Mind you, I'm not blaming anybody. Not anybody really,
save myself. I just hadn't anticipated everything. I have no excuse
but I was taken by surprise, you understand. And I so passionately
wanted to celebrate Papa's death with honesty and integrity and
dignity-for his sake, for our sake, for God's sake.
We lowered Papa then in his pauper's box deep into the raw ground. Then began the final rites. There were three.
I lifted up the Bible, It was a sign. We were commemorating
Papa's journey in the historical community of the faithful. However
distantly, however feebly. However brokenly, he had walked with
the knights of faith. Abraham, Amos, Paul, Augustine, Thomas,
Luther, Wesley, Jesus. By fate and by choice these were his first
companions of the road. I recalled aloud from their constitution
which I held in my hands. The heroic formula from Job is what
I meant to recite: "Naked I came from my mother's womb, and
naked shall I return: the Lord gave, and the Lord has taken away;
blessed be the name of the Lord." What came from my lips
were the words of Paul. "If I live, I live unto the Lord;
if I die, I die unto the Lord: so whether 1 live or whether I
die, I am the Lord's."
I lifted up a very old, musty, leather bound volume of poetry. This, too, was a sign. We were ritualizing Papa's own unique and unrepeatable engagement in the human adventure. Papa was an individual. a solitary individual before God. It was most fitting that a last rite should honor this individuality. Such was the role of the volume of hymnpoems. From it Papa had read and quoted and sung in monotone for as long as any of us, including Mama. could recall. The words I joined to the sign were from this collection.
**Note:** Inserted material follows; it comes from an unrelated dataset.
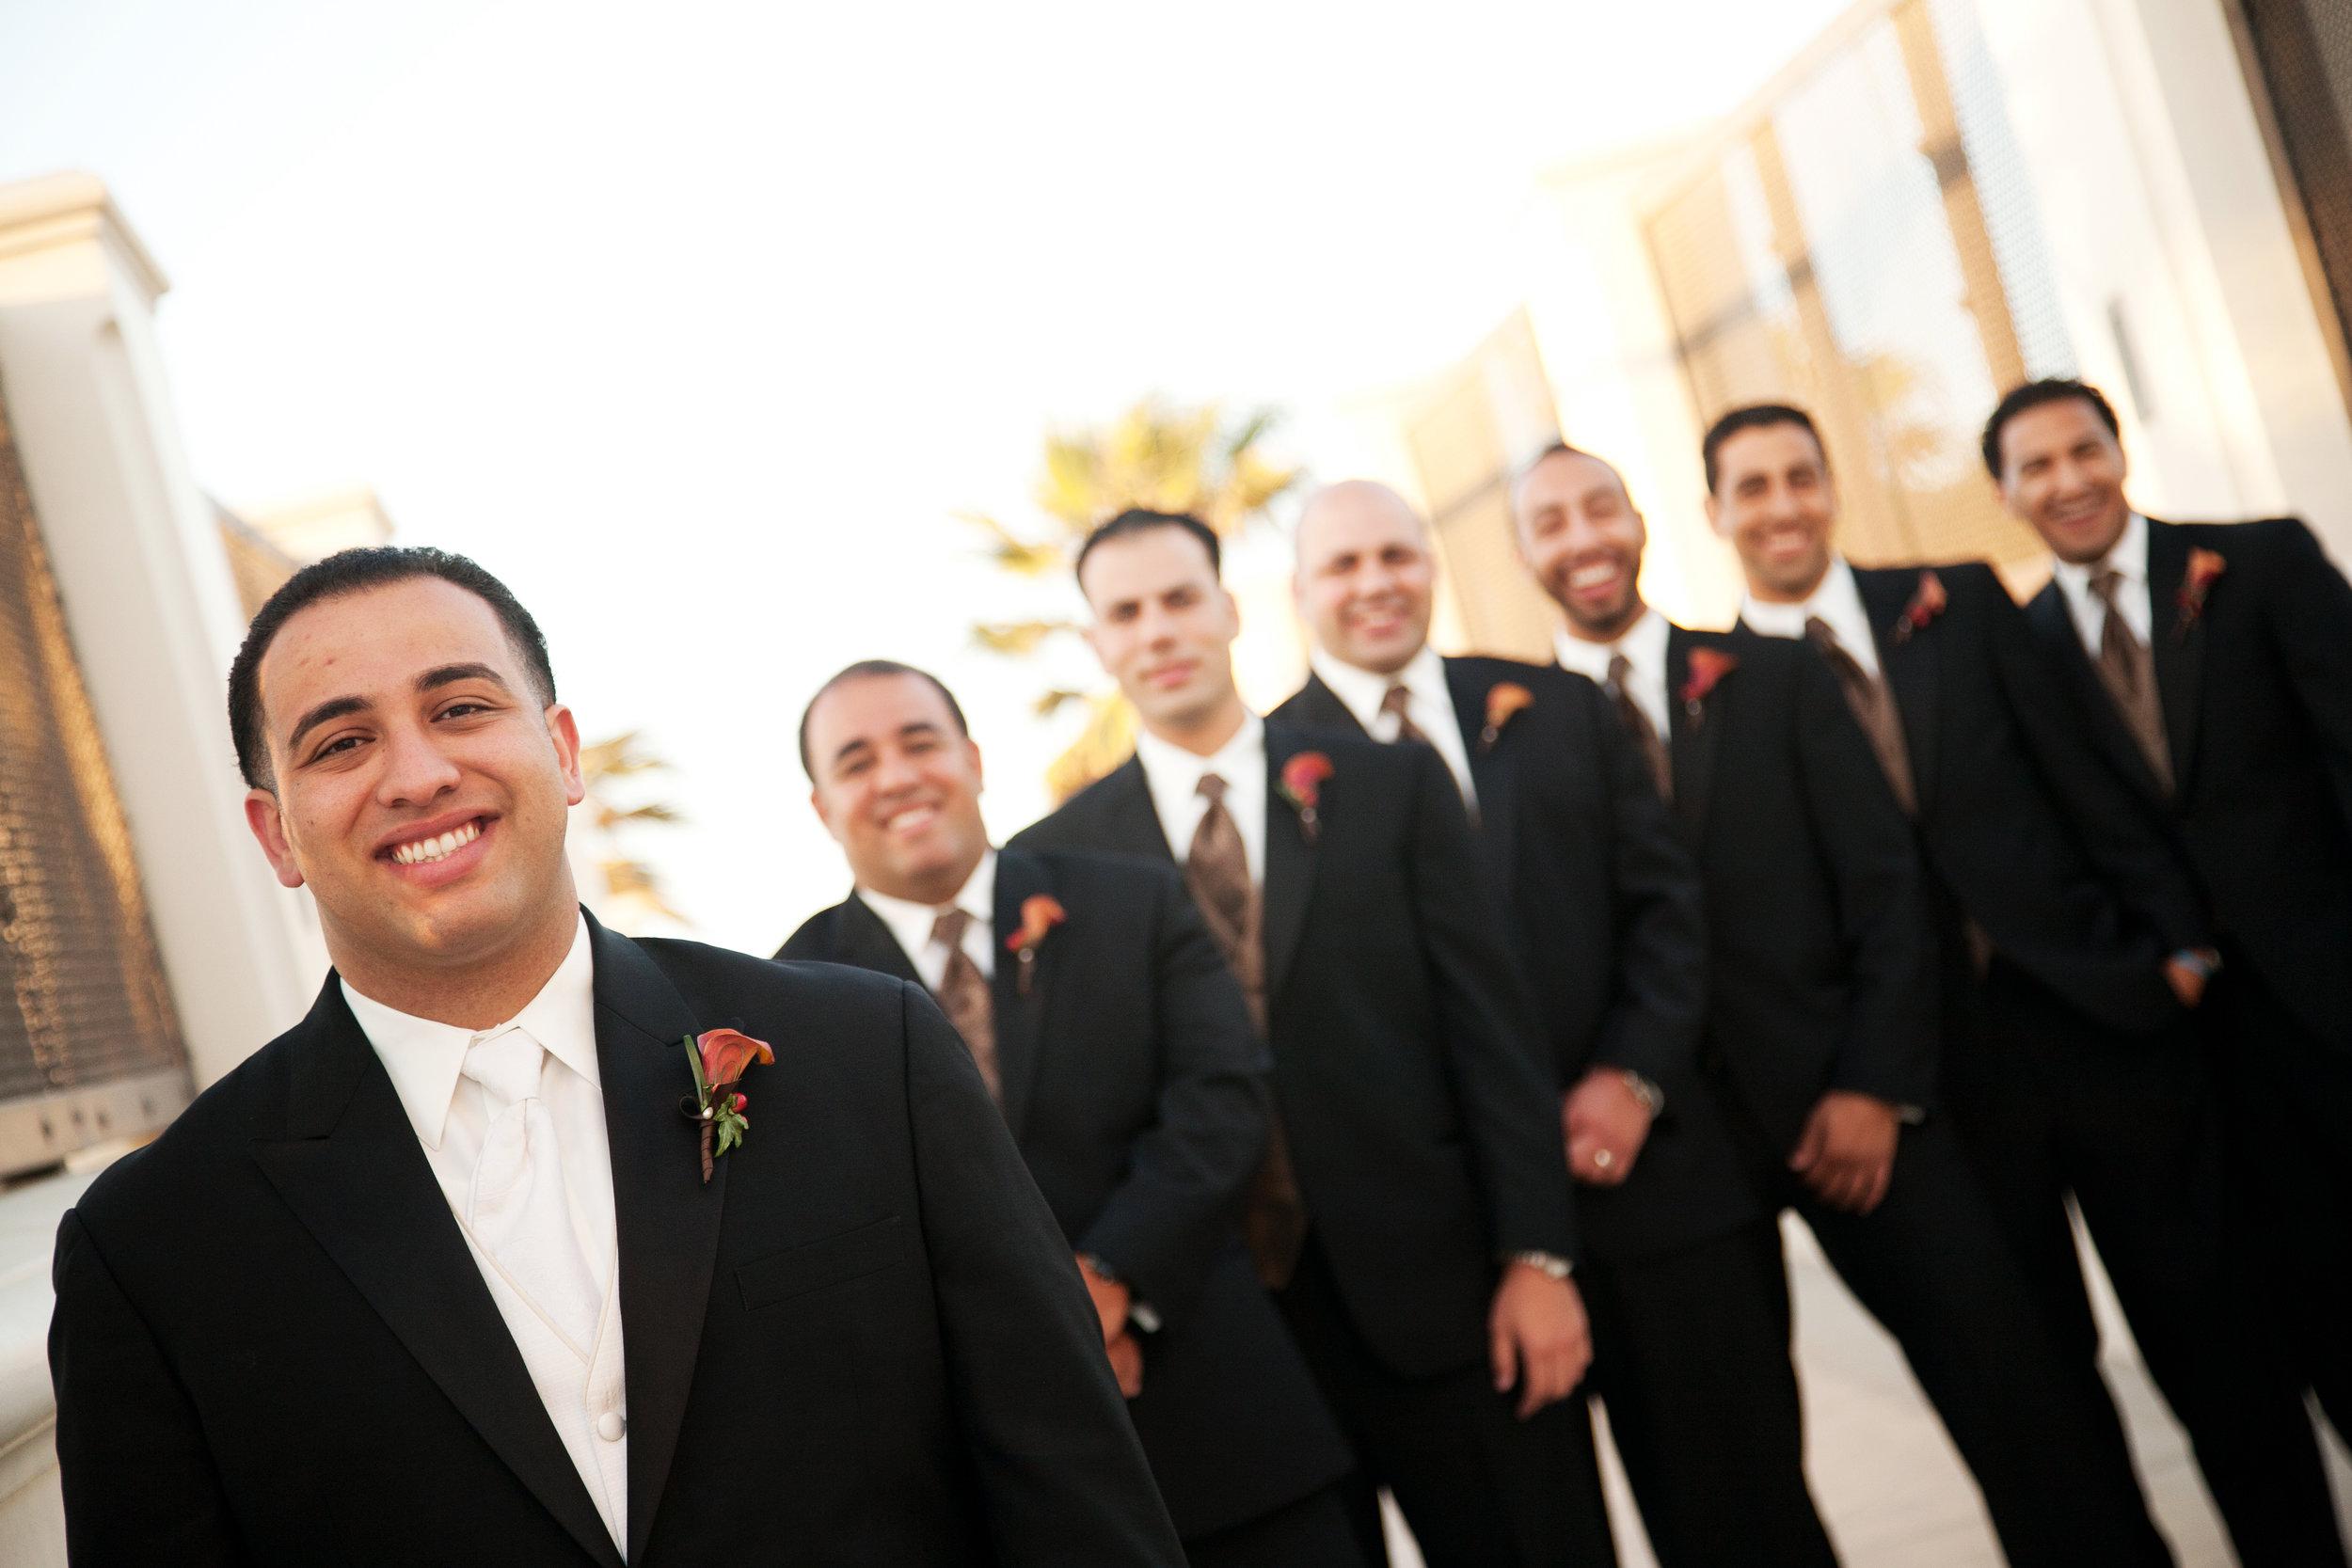 Hyatt Regency Huntington Beach Bridal Party

The author was a friend of Papa's.
God moves in a mysterious way, his wonders to perform:
He plants his footsteps on the sea and rides upon the storm:
Blind unbelief is sure to err. and scan His works in vain:
God is His own interpreter and He shall make it plain.
The third sign celebrated the fact that Papa was
a participant in the total wonder of creation and that his life
and death were good because creation is good. What I mean is that
Papa was God's friend. My last act was to place him gladly and
gratefully on behalf of all good men everywhere in the hands of
the One in whose hands he already was, that Mysterious Power who
rules the unknown realm of death to do with him as he well pleaseth.
I ask to know no more. This I symbolized. Three times I stooped
low, three times I plunged my hands deep into the loose earth
beside the open pit, and three times I threw that good earth upon
my Papa within his grave. And all the while I sang forth the majestic
threefold formula,
In the name of the Father and of the Son and of the Holy Ghost.
And some of those present there for the sake of all
history and all creation said, "Amen".